Required work
The output has to be the full set of records, reproduced exactly, minus any picture.

─── Data records ───

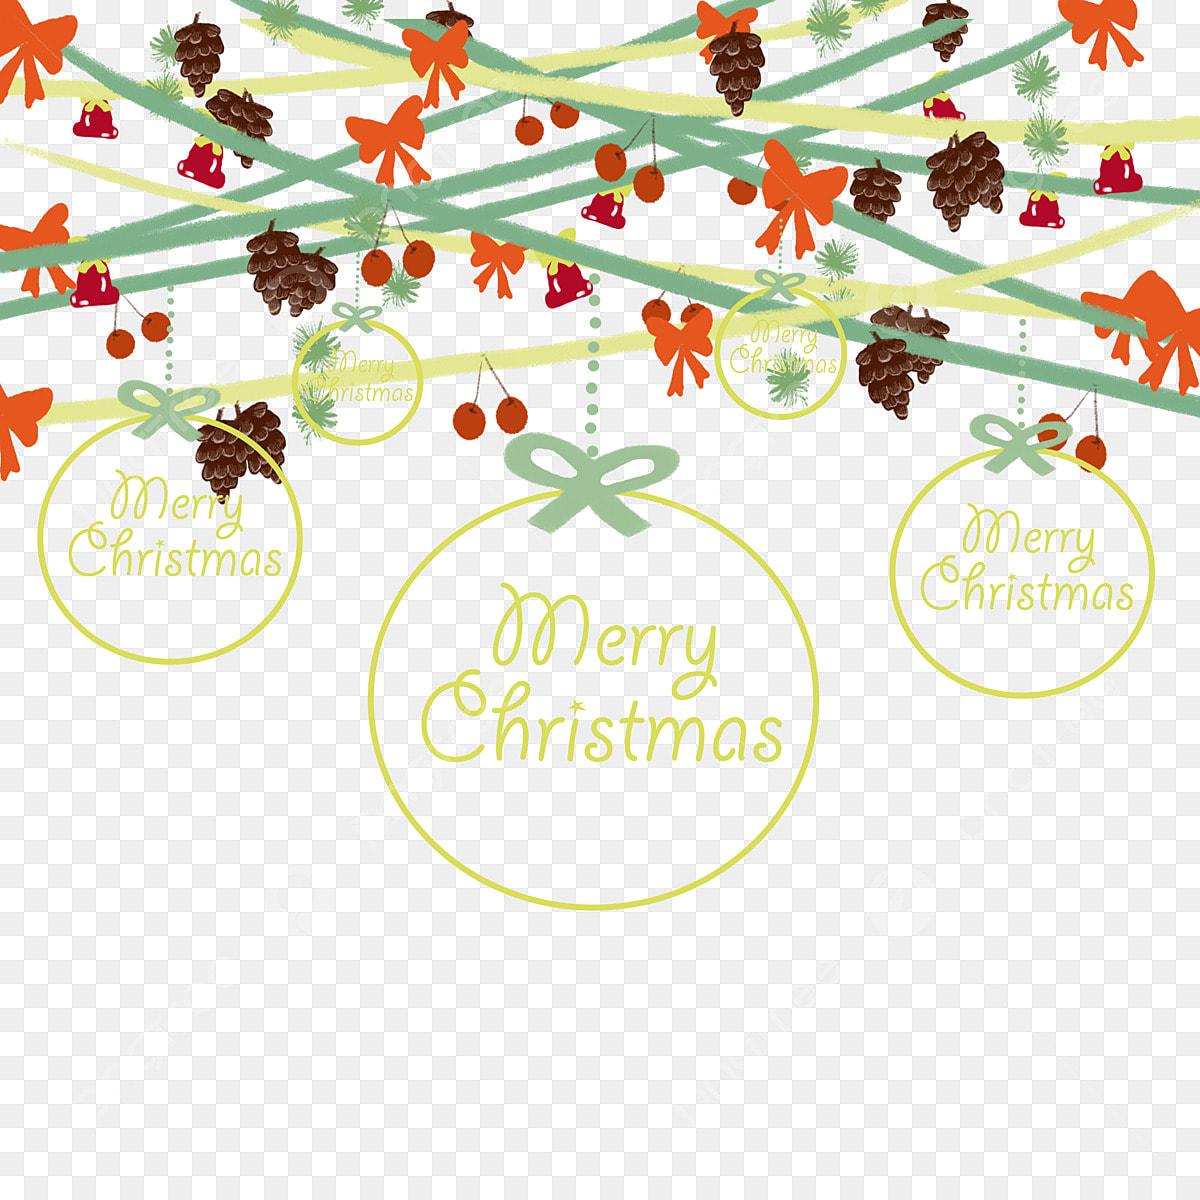 Merry Christmas Ribbon Clipart.Christmas Christmas Pine Cone Christmas Bow Merry Christmas
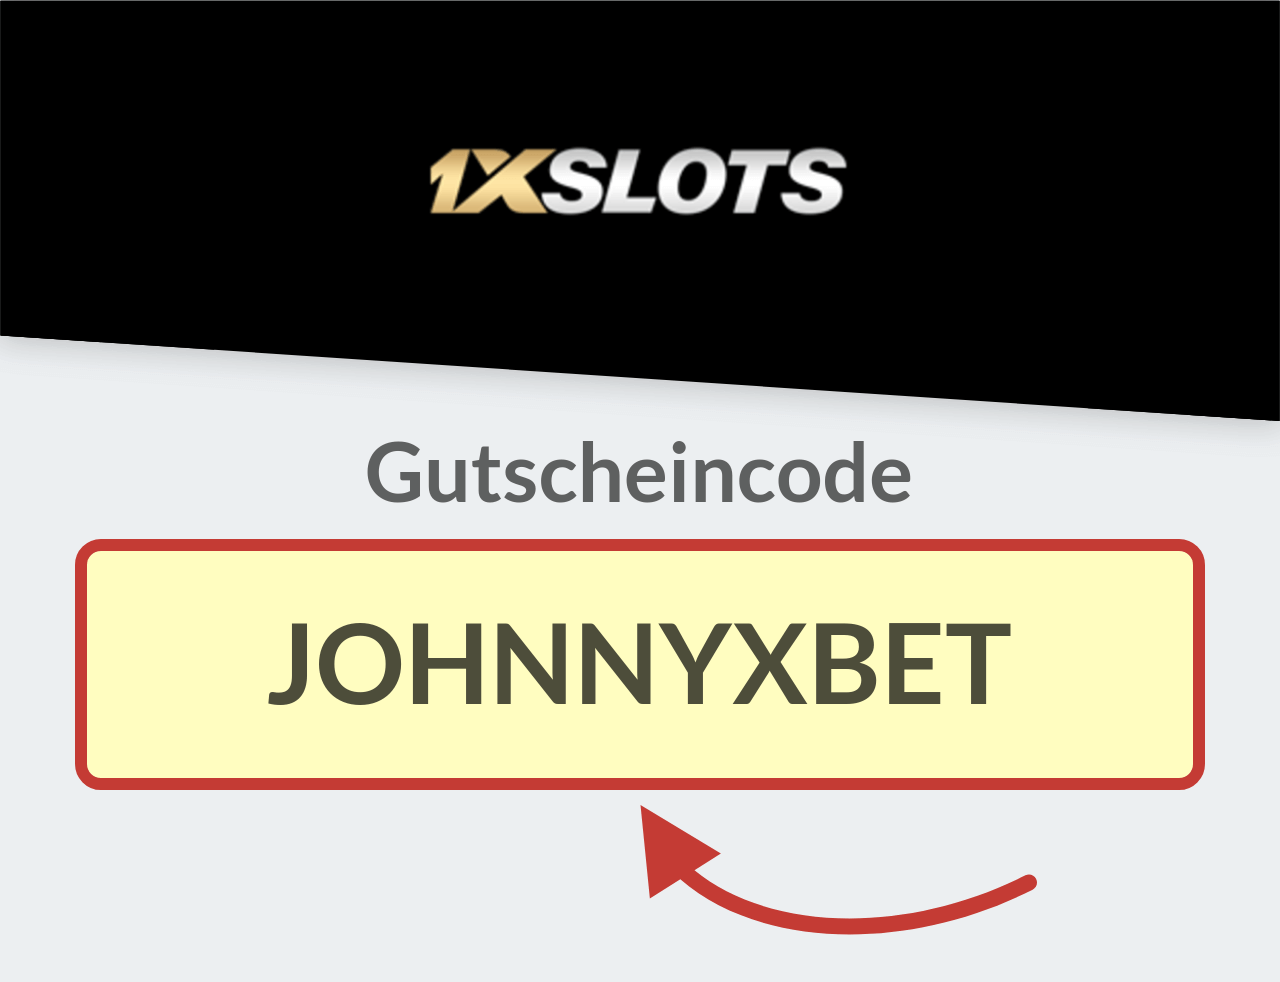 1xSlots Casino Gutscheincode
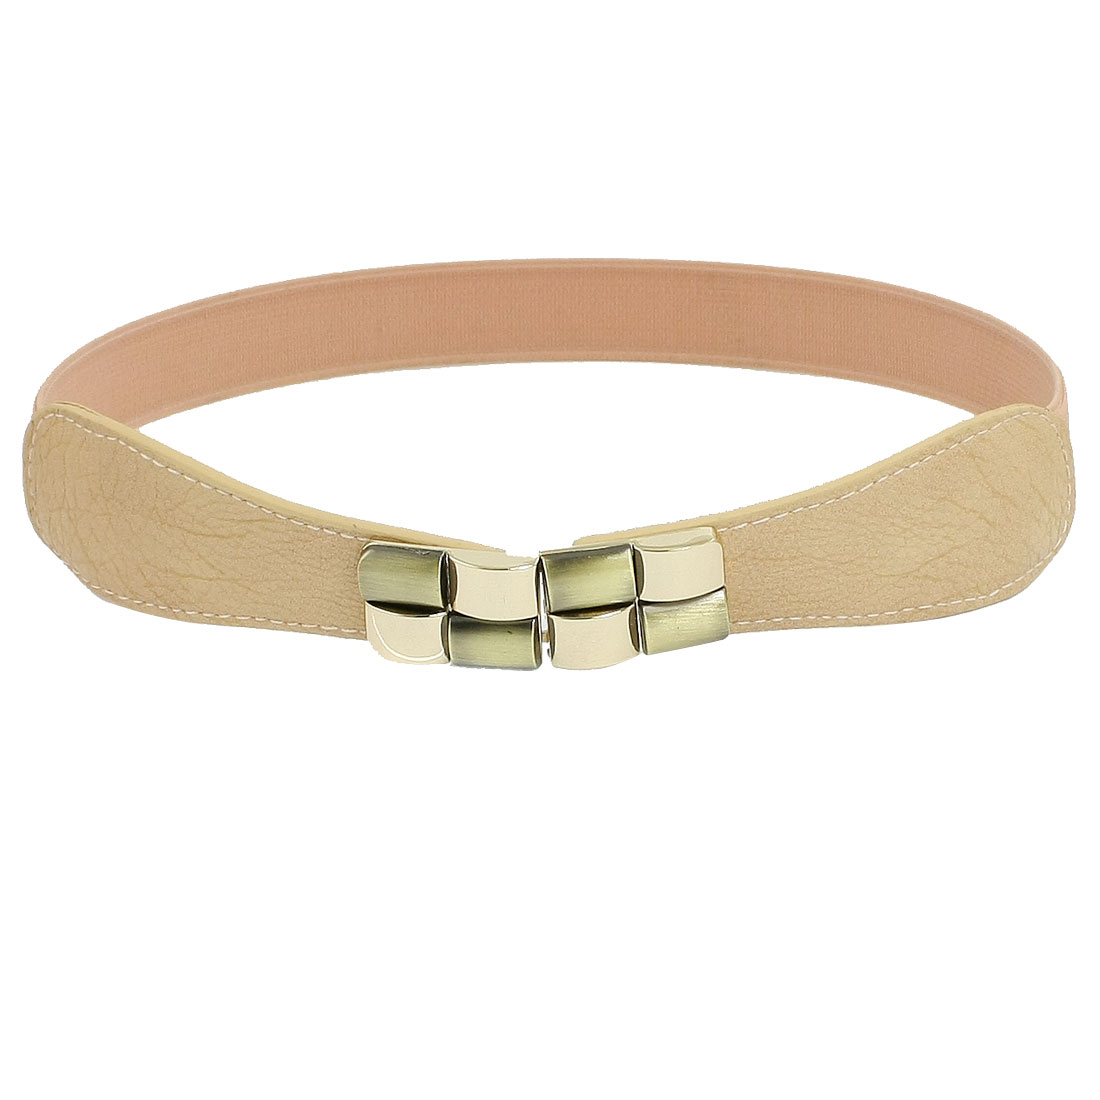 Pink Elastic Cinch Metal Interlocking Buckle Waist Belt for Women
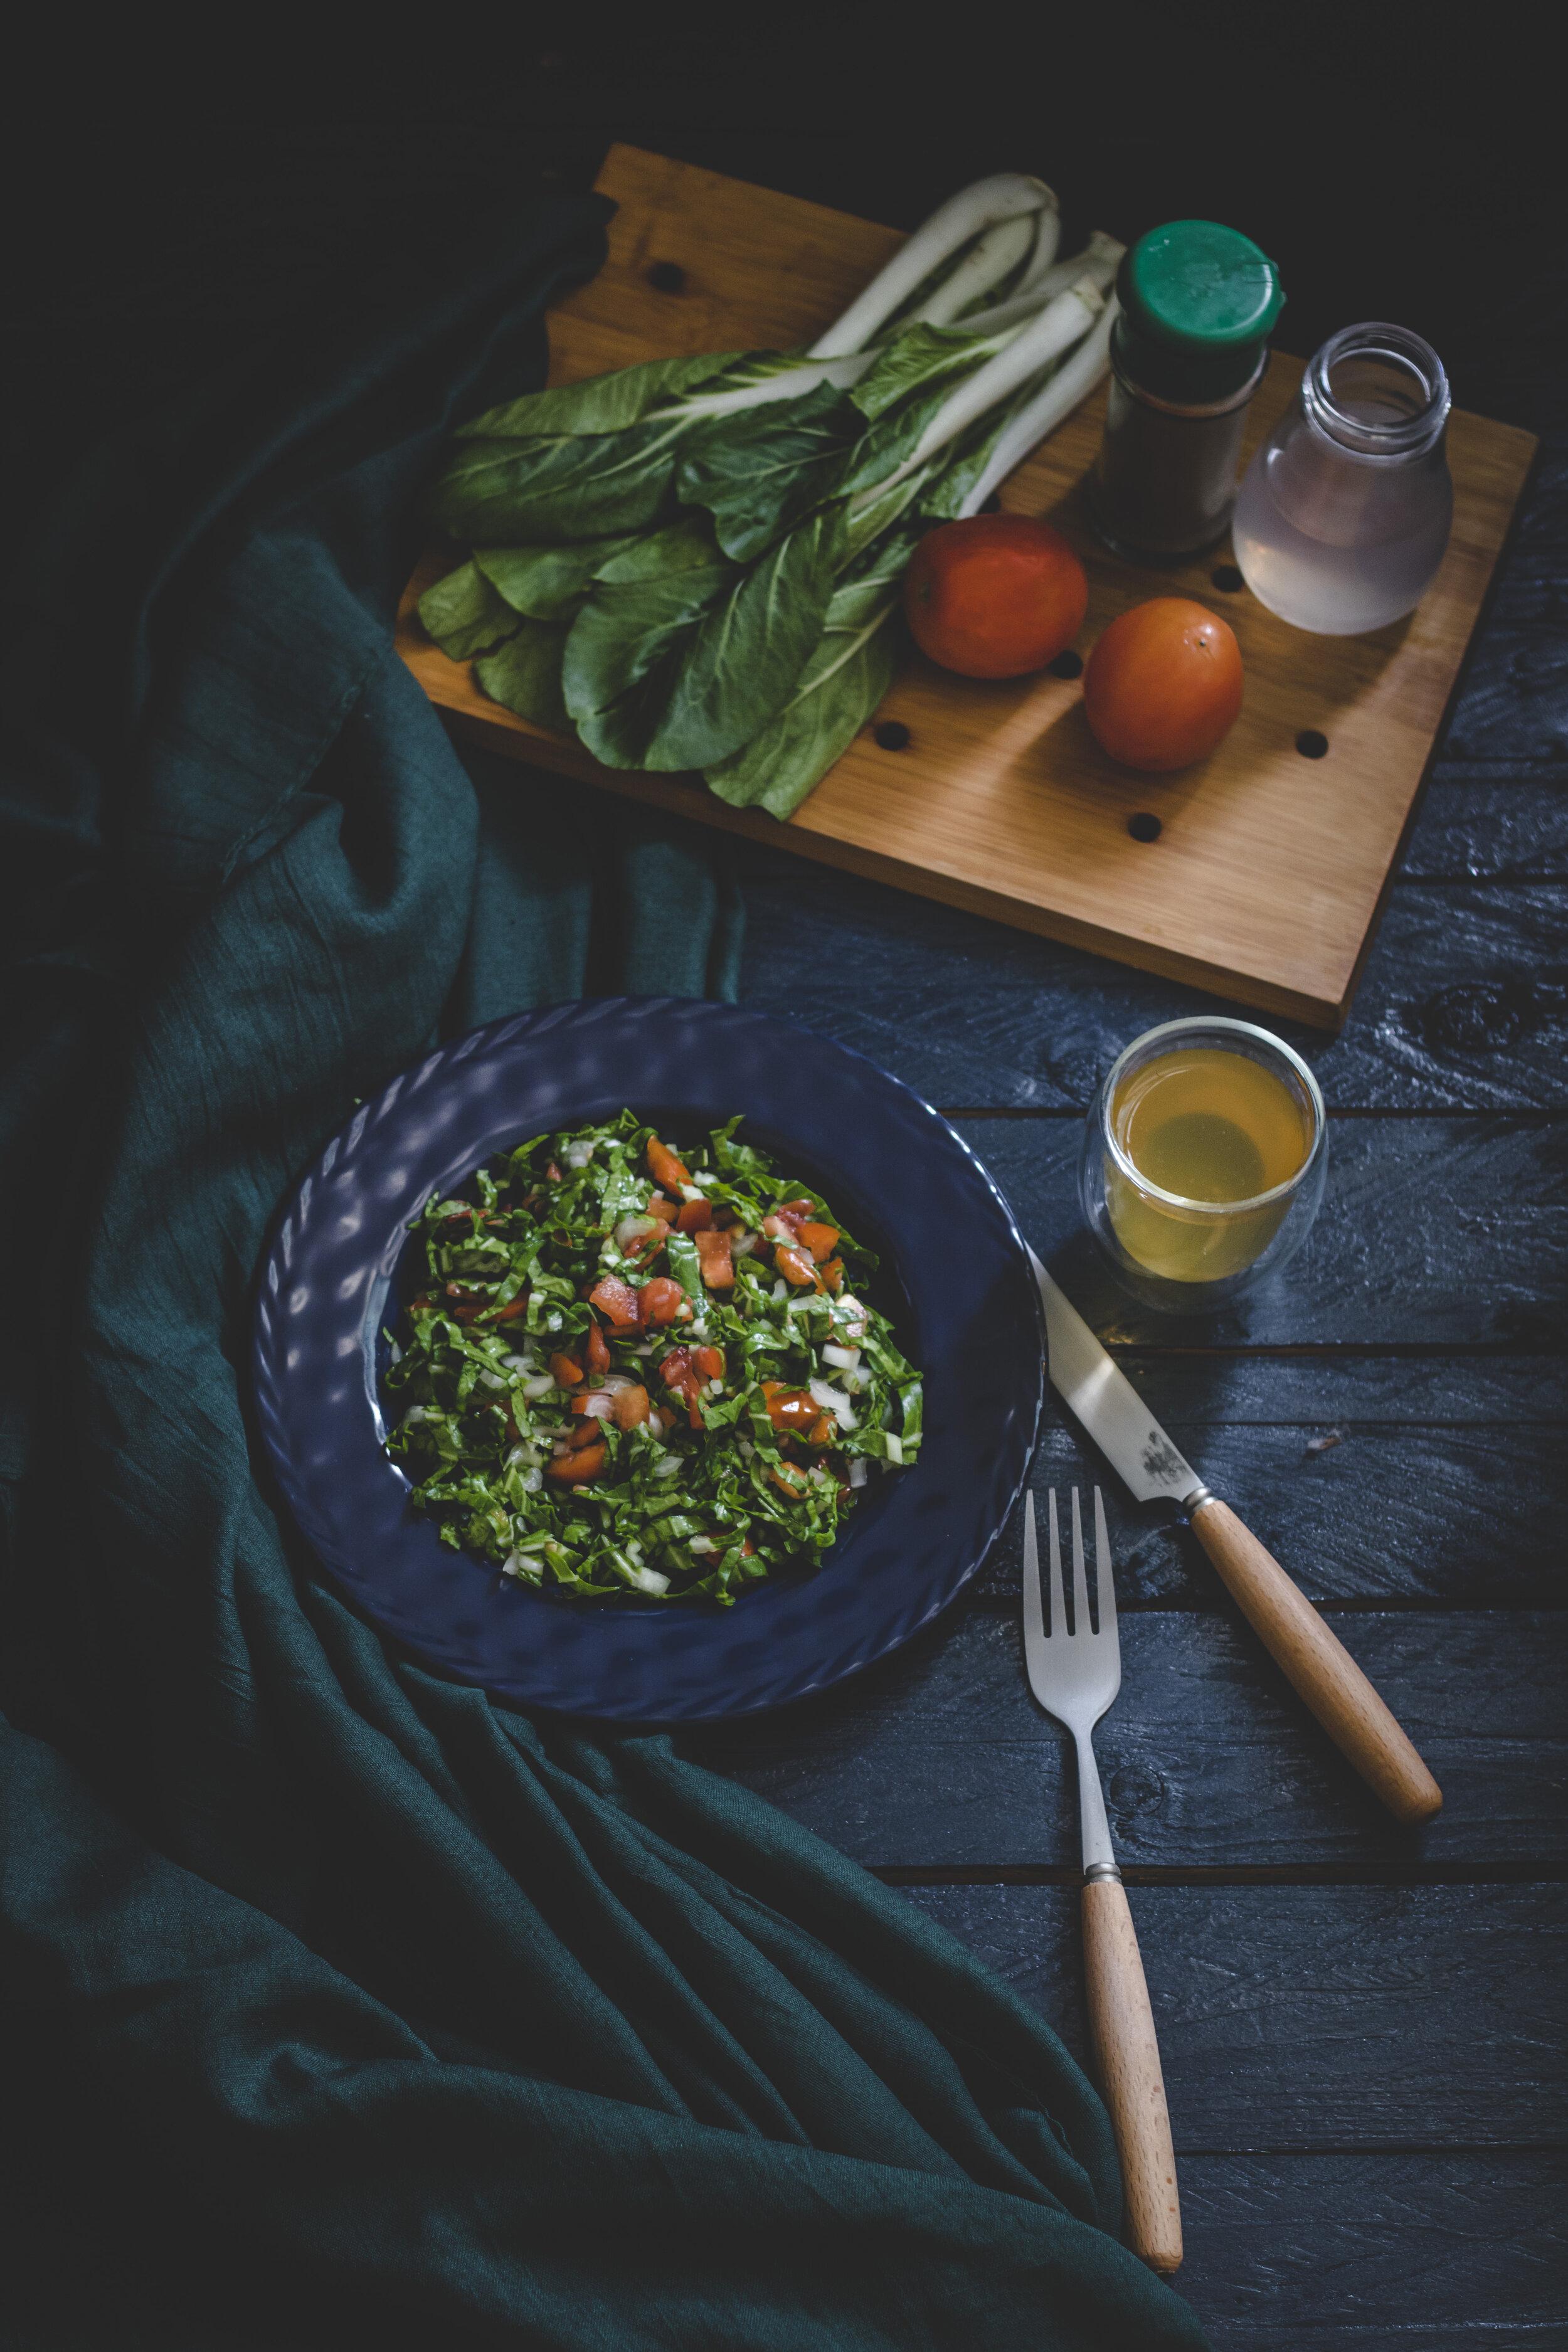 food at table
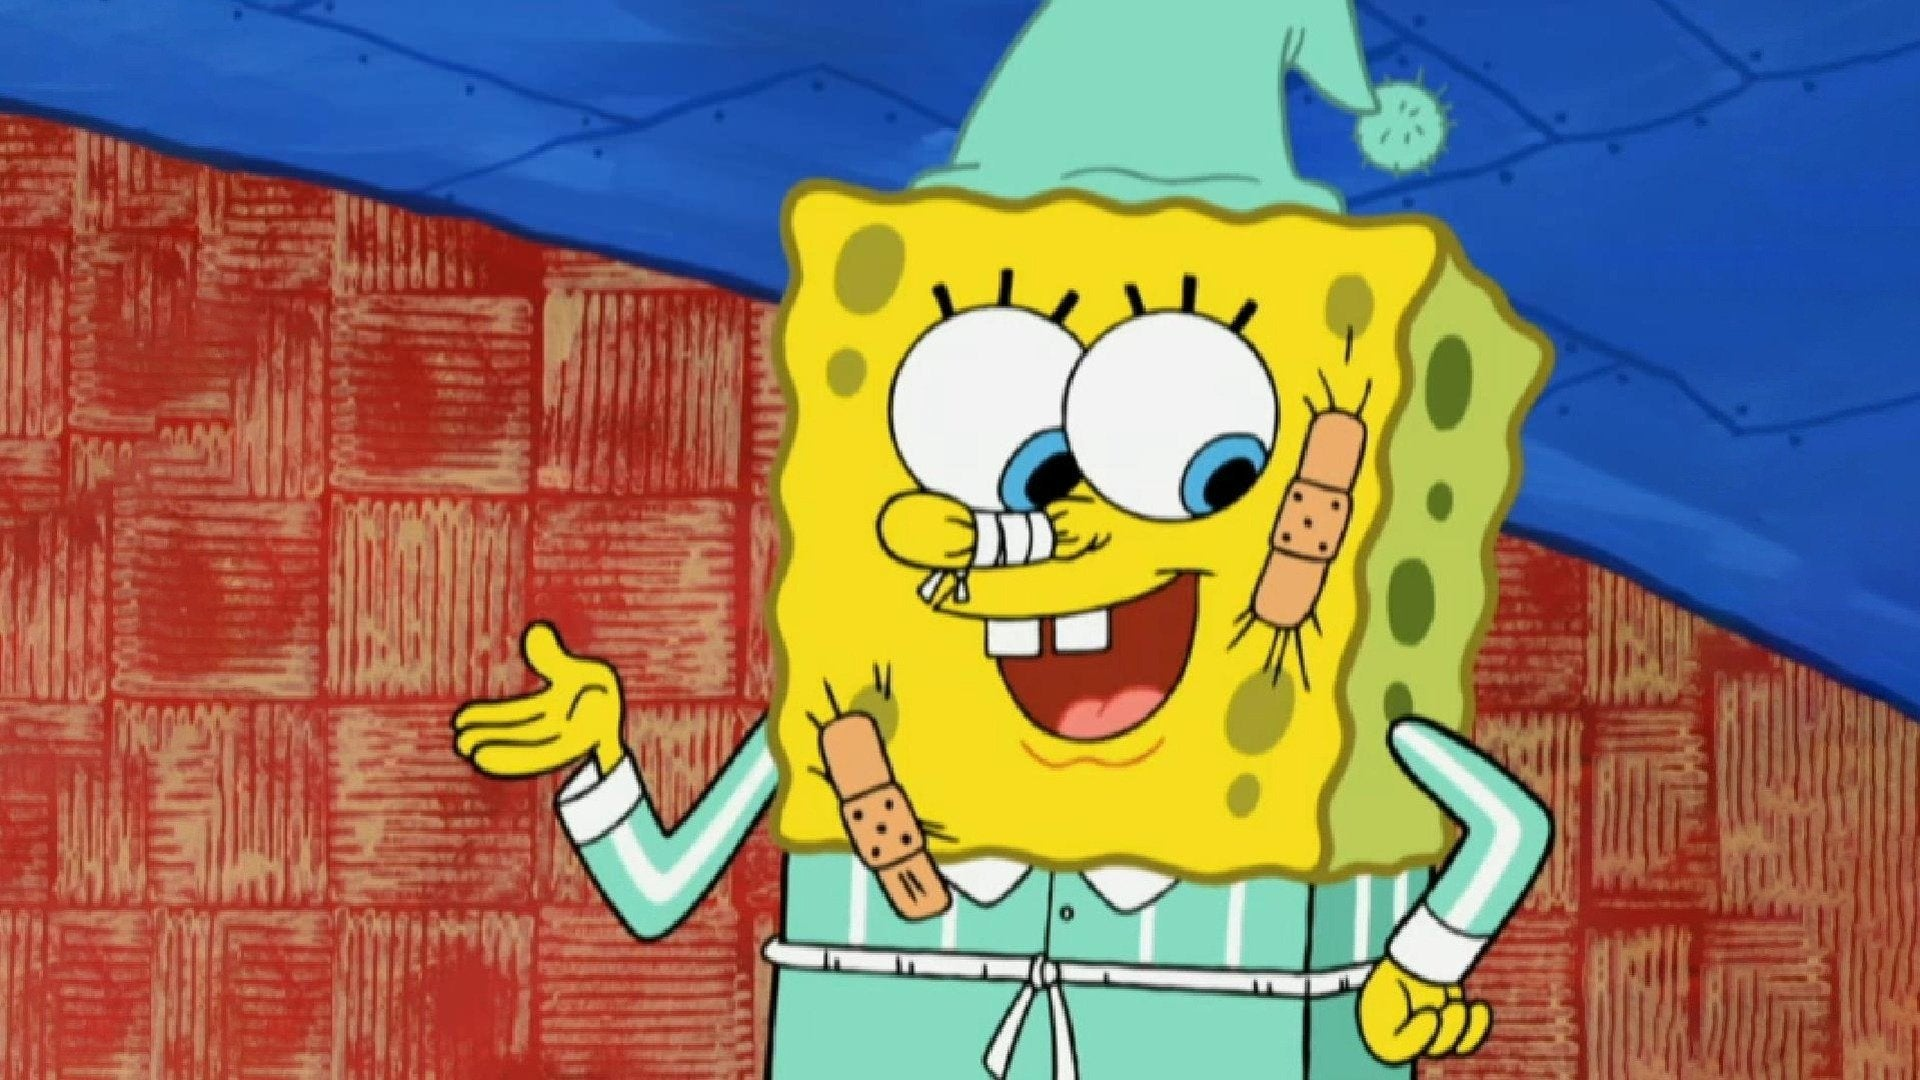 Spongebob Squarepants Pets Or Pests Komputer Overload On Philo

───

Result
 Merry Christmas Ribbon Clipart.Christmas Christmas Pine Cone Christmas Bow Merry Christmas
 1xSlots Casino Gutscheincode
 Pink Elastic Cinch Metal Interlocking Buckle Waist Belt for Women
 food at table
 Spongebob Squarepants Pets Or Pests Komputer Overload On Philo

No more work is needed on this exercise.